Fast Fourier Attention Module (FFA-Module): Accurate disease severity assessment depends heavily on detailed lesion information, which reflects both the extent and morphological characteristics of infections. To effectively capture these details, we introduce a frequency-domain analysis strategy that separates image information into high-and low-frequency components — where high-frequency elements represent lesion edges and textures, and low-frequency elements describe global structures and backgrounds. Building on this principle, we design a Fast Fourier Attention (FFA) module (as shown in Figure 4), which integrates the Fourier transform with an attention mechanism to enhance lesion perception. The module transforms feature maps into the frequency domain to emphasize fine structural details, then reconstructs and fuses them back into the spatial domain.
Figure 4. Framework of the fast Fourier attention module (FFA-Module).

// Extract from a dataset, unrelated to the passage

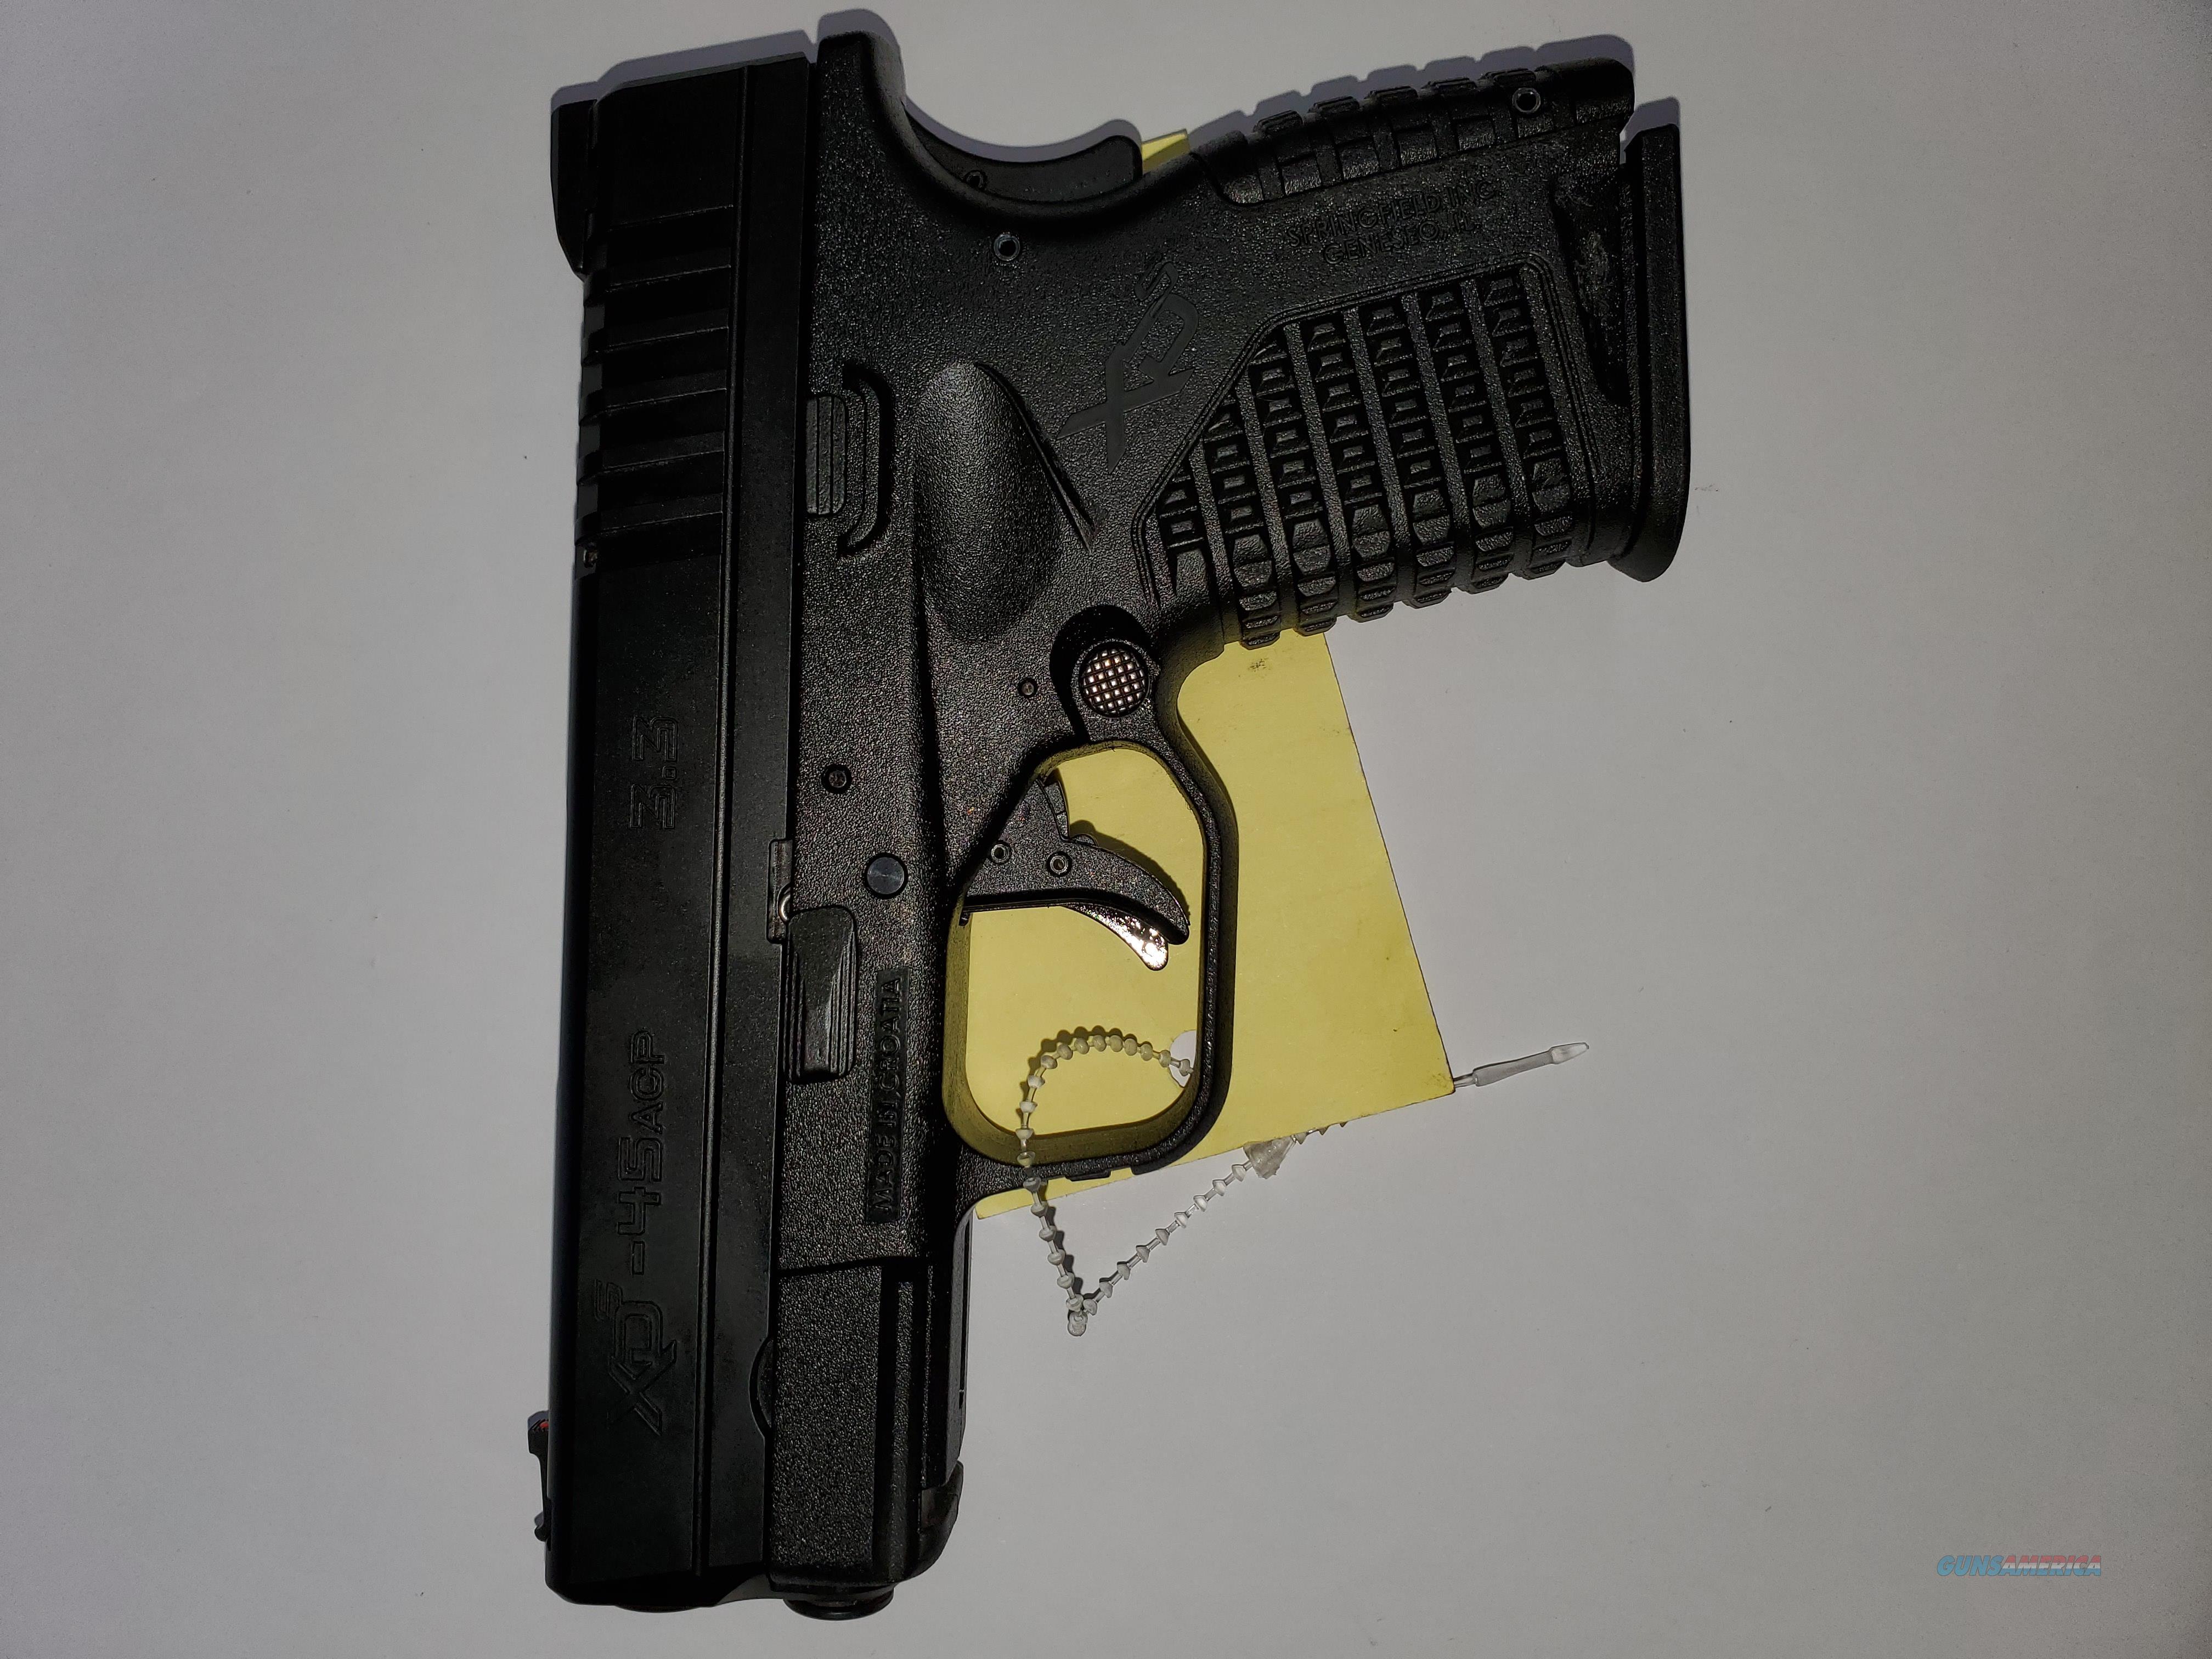 Springfield xds-45  Guns > Pistols > Springfield Armory Pistols > XD-S

Vision Relational Modeling Module (VRM-Module): To accurately assess plant disease severity, the model must capture fine lesion details while understanding their spatial and semantic relationships with leaves. To achieve this, we design a Vision Relational Modeling (VRM) module that simulates lesion distribution on leaves through multi-level feature interaction, as shown in Figure 5. The VRM module integrates detailed, contextual, and hierarchical information to jointly model the relationship between lesions and leaf structures. By combining local detail perception with global context understanding, it enhances the representation of lesion–leaf dependencies and improves the model’s capacity for precise and robust severity estimation under complex field conditions.
Figure 5. Framework of the vision relational modeling module (VRM-Module).